Male. — 21-23 mm. Forewings moderate, costa straight, hindmargin rounded; dark fuscous, densely and finely strewn with yellowish and a few whitish scales; a curved cloudy whitish line towards base, anteriorly blackish-margined; a slightly bent whitish line at 1/3, posteriorly blackish-margined; sometimes a small blackish discal dot, and slender curved median line; a clearly marked white line beyond middle, anteriorly strongly blackish-margined, shortly and obtusely angulated in middle, and inner margin shortly toothed above and below middle; an irregular sinuate subdentate whitish-yellowish subterminal line: cilia with basal half dark grey, apical half sharply barred with dark fuscous and white. Hindwings somewhat elongate, hindmargin rounded; dark fuscous; basal half irrorated with pale yellowish; a very obscure curved whitish shade before middle; a well-defined strongly-curved white median line; a very irregular subdentate whitish-yellowish subterminal line; cilia as in forewings.

==Distribution==
N. paradelpha is endemic to New Zealand. Along with its type locality of Ben Lomond, N. paradelpha has also been found on Mount Arthur, Arthur's Pass, the Hunter Mountains and at Obelisk Station and the Dansey Ecological District in Otago.
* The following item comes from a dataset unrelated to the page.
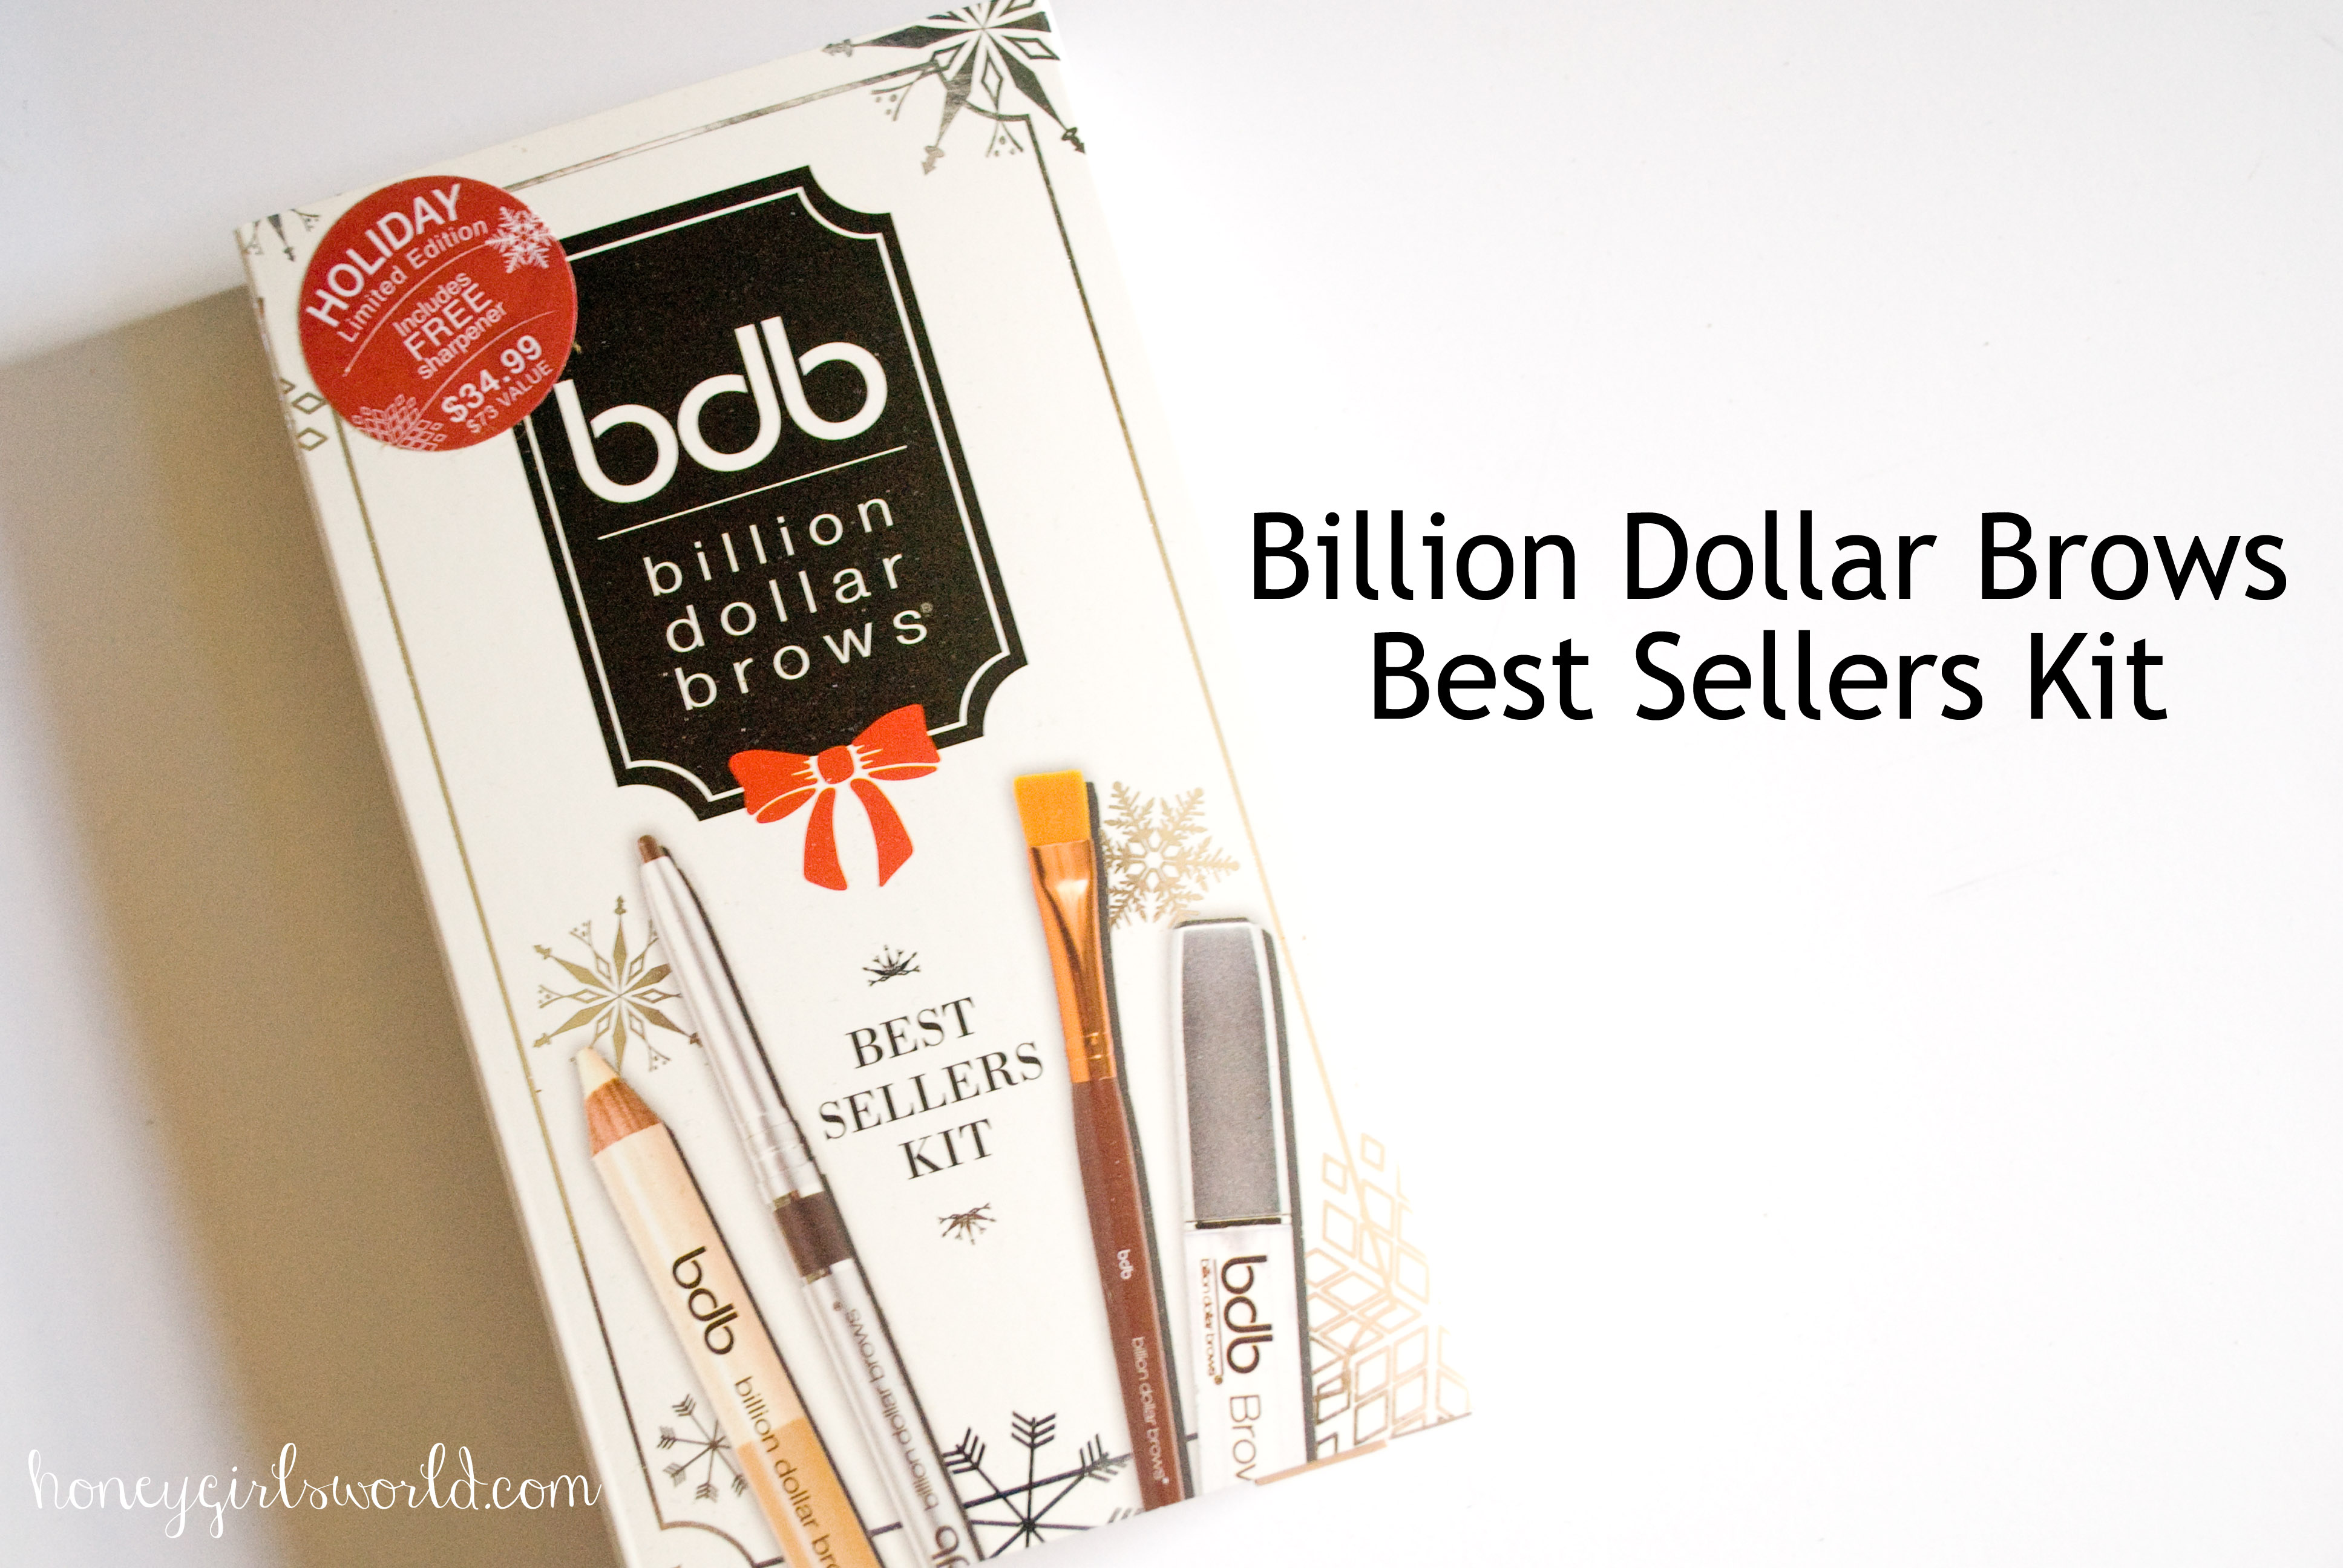 Billion Dollar Brows Best Sellers Kit

==Life cycle and behaviour==

The female moth lays her eggs within the flower buds of their host plant. When the larvae emerge from their eggs, they eat into the leaves or buds of their host, hiding from predators. Once they are large enough, they emerge to feed from the fresh growth of the plant. N. paradelpha pupate in a loose cocoon on the ground under their host. N. paradelpha are day-flying moths. They are low but fast flyers and constantly vibrate their wings to enable them to take off rapidly.

Adults are on the wing from November to February.

==Habitat and host species==
This moth species prefers to live in high alpine habitat and has been found amongst grass and in herbfields. The host plants for the larvae of N. paradelpha are the endemic species in the genera Kelleria and Pimelea including Pimelia oreophila.